Between the simplifying force of history and the way the human brain processes information, most artistic movements end up getting boiled down to one or two big names. Your average Jeopardy! watcher, for instance, can get by on knowing what grunge rock is and that it was performed by Nirvana and Pearl Jam. For the oft-homaged breed of lurid Italian slasher pictures known as giallo, Dario Argento is the clear Kurt Cobain, with Mario Bava or maybe Lucio Fulci as the equivalent Eddie Vedder. Only once curious audiences start looking into the deep cuts will they find Massimo Dallamano, who graduated from being Sergio Leone’s cinematographer on the first two installments of his Dollars trilogy to become an accomplished and varied genre filmmaker in his own right during the ’60s and ’70s. Perhaps because Dallamano covered so much ground—a spaghetti Western, an opulent Dorian Gray adaptation, an erotic chamber piece, the poliziottesco crime flick memorably titled Super Bitch—his name hasn’t been quite so synonymous with giallo. But he’s still responsible for one of its most stylish, affecting, and inventively lecherous specimens.
What Have You Done To Solange? follows the tried-and-true template of a murder falling into the lap of a handsome guy with an interesting job, which forces him to play amateur sleuth in order to clear his name.
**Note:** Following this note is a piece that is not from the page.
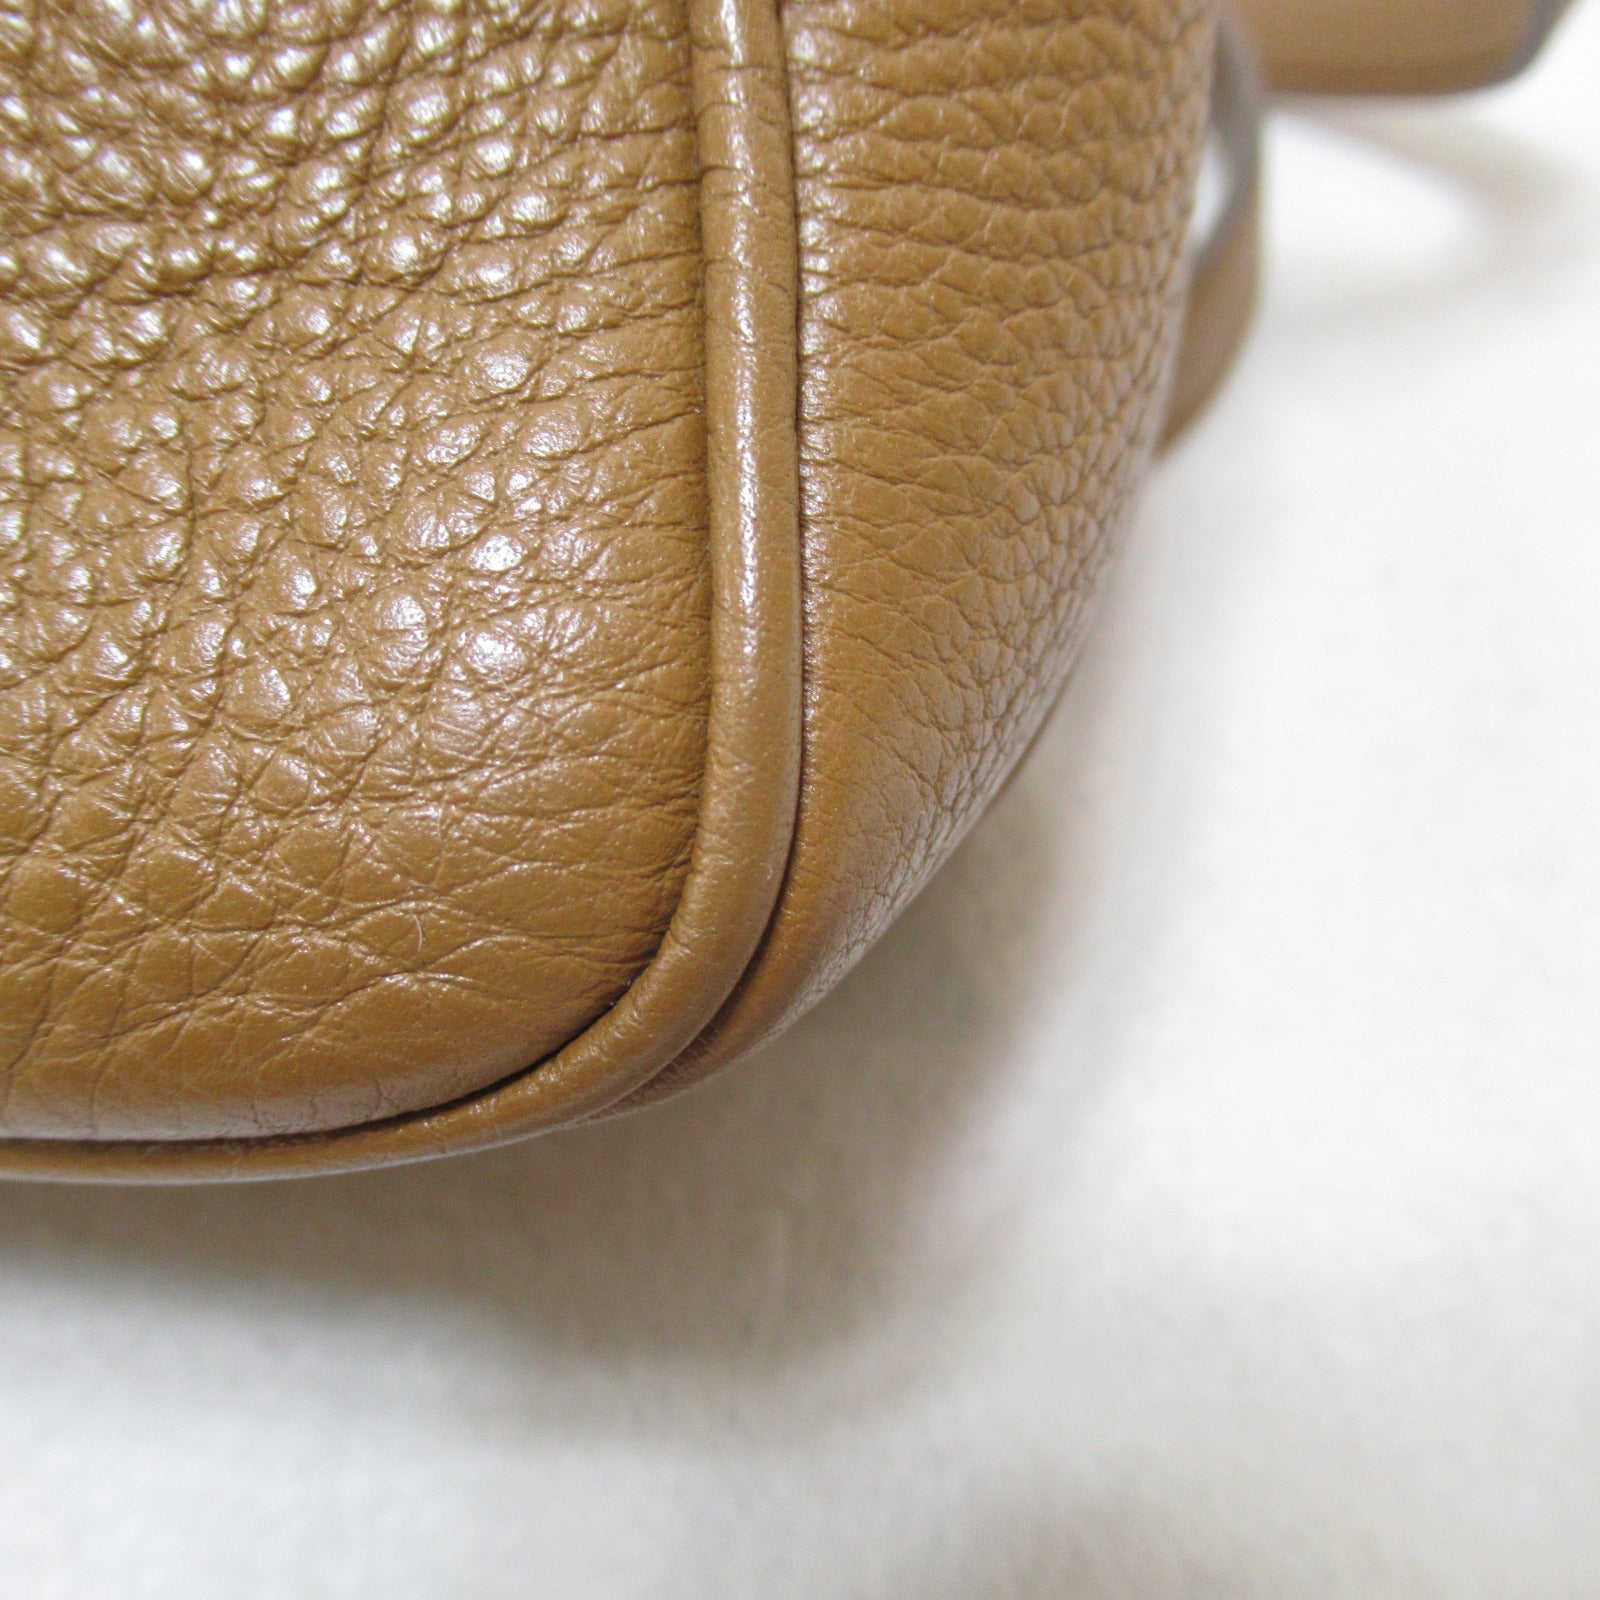 Prada Prada Shoulder Bag Shoulder Bag Leather  Brown

Our man is professor Henry Rosseni (Fabio Testi, resplendent in a tightly manicured beard), a ladykiller in what he hopes to prove is a non-literal capacity. He can’t be the one who stabbed that blushing student in the genitals, he insists after witnessing the incident, because he was nearby getting it on with a different student at the time. When she turns up mutilated as well, he has no choice but to come clean to his “frigid” wife (Karin Baal), the simplest of the film’s many conflicts between sexual urges and the fallout of violence. That intersection grows more complicated once Henry tracks the trail of bodies to a clandestine orgy cult well-stocked with nubile coeds, and the back-alley abortionist servicing the members who need it.
The winding plotline commingles traumas and the deranged reactions to them in one delectable pop-psych stew, ultimately leading to Solange herself, portrayed by eventual I Spit On Your Grave star Camille Keaton in her screen debut. (Recommended by the director’s pal Franco Zeffirelli, she was a good fit for the frail, pallid look Dallamano envisioned.) Keaton plays a survivor unable to channel her grief into a cleansing rage, internalizing a past horror until it renders her a haunted shell of a woman. She drifts through the final act like a specter, the starlet’s performance of benumbed, paralyzed pain made all the more potent for its placement in a film with such a freewheeling attitude about blood and skin.
That collision between baroque exploitation and a sober counterpoint finds a nifty parallel in the unusual production design, which pits the stately shooting locations of London against the more expressionistic whims of the film’s Italian and West German producers. Such regular giallo mainstays as black leather gloves and unsettling villain’s-POV shots gel with off-kilter visions of pastoral life; the opening credits pair footage of bicycling ingénues with Ennio Morricone’s creeping score, a juxtaposition recently imitated by Peter Strickland in The Duke Of Burgundy.
Nicolas Winding Refn also numbers among What Have You Done To Solange’s admirers, having floated now-abandoned plans to remake the film in 2016. Though Dallamano’s influence may be mostly limited to fellow cineastes—he’s a grindhouse weirdo’s grindhouse weirdo—the filmmaker has left a singular mark on his corner of a compact niche. Few other directors could make the tragic quite so sexy, or the sexy so meaningfully tragic.